I'm trying to understand the Kolmogorov-Smirnov test using a very simple example. I generate a set of random, uniform values between 0 and 1.0. I then test that these values are from a uniform distribution by using the scipy kstest function. I'm expecing a very small D value and a pvalue close to 1.0, but instead I get wildly varying pvalues every time I run the code. What am I missing?

import numpy as np
import scipy
a = np.random.uniform(size=4999)
print(scipy.stats.kstest(a, 'uniform'))

Here are the outputs of a few consecutive runs:

(0.0075523161200627964, 0.93798952050647577)
(0.013787195268362473, 0.29799260741344774)
(0.014359046616557847, 0.25402403230845855)
(0.012521820948675988, 0.41329007558099806)
(0.011159003477582918, 0.56216895575676396)
user17426
  • 183
  • 1
  • 1
  • 4
  • 1
    You say widely varying p-values but are they all non-significant? – Dan Aug 27 '14 at 16:59
  • 2
    You are getting what you should.
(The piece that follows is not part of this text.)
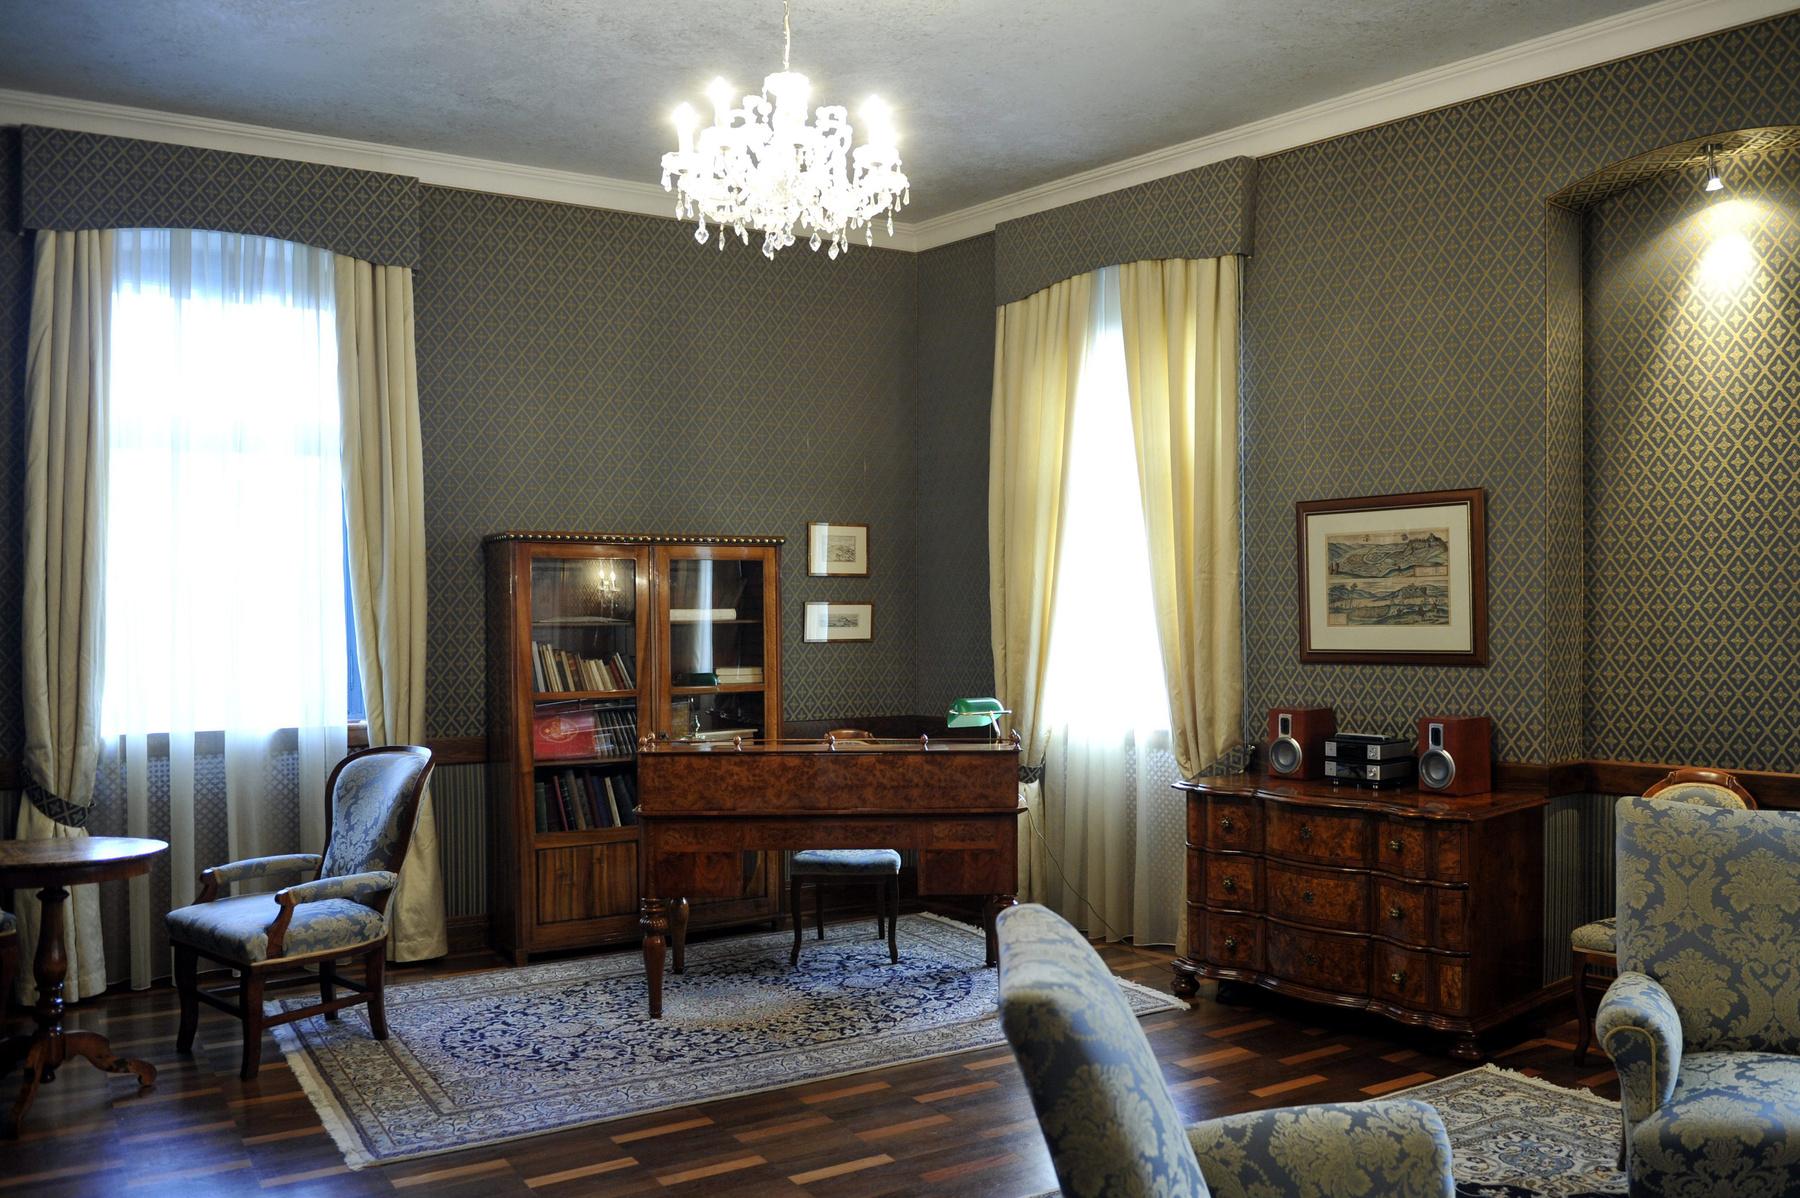 Szűcs György polgármester dolgozószobája a Tolna megyei Aparhanton. A településen nem indul polgármesterjelölt a 2014. október 10-i választáson.
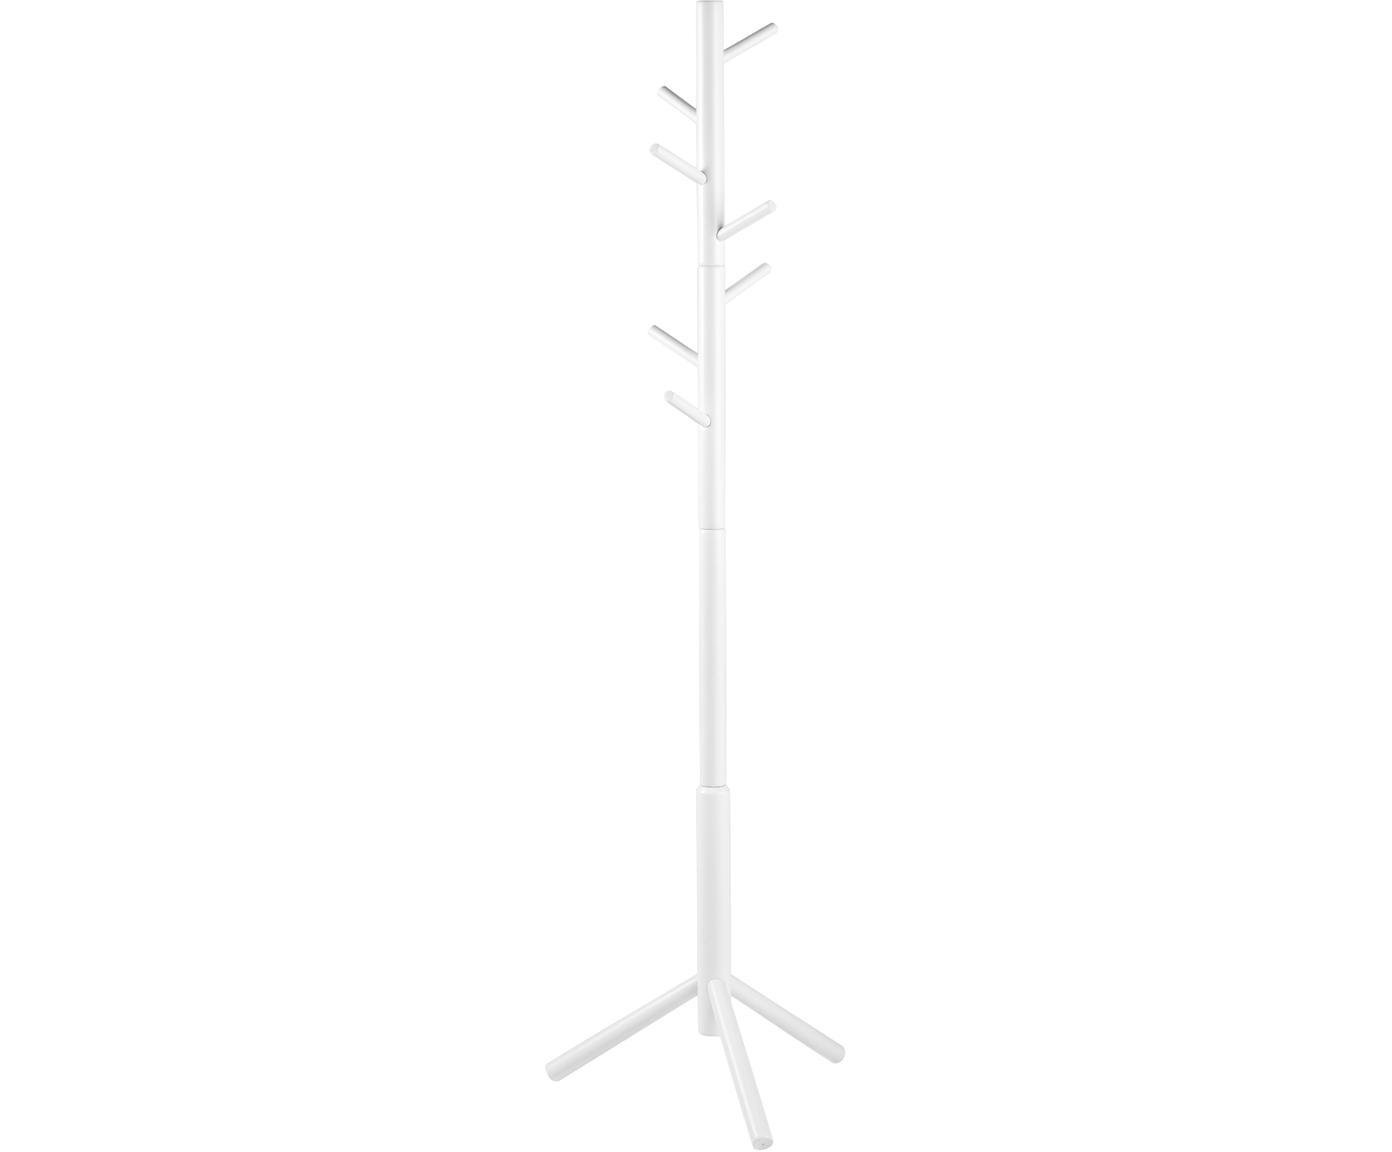 Kleiderständer Bremen aus Holz mit 6 Haken, Gummibaumholz, lackiert, Weiß, 51 x 176 cm

Look at this [CrossValidated thread](http://stats.stackexchange.com/questions/10613/why-are-p-values-uniformly-distributed-under-the-null-hypothesis) – Aniko Aug 27 '14 at 18:27

1 Answers1

7

For the KS test the p-value is itself distributed uniformly in [0,1] if the H0 is true (which it is if you test whether it your sample is from $U(0,1)$ and the random number generation works okay). It therefore must "vary wildly" between 0 and 1, in fact its standard deviation is $1/\sqrt{12}$ which is roughly 0.3.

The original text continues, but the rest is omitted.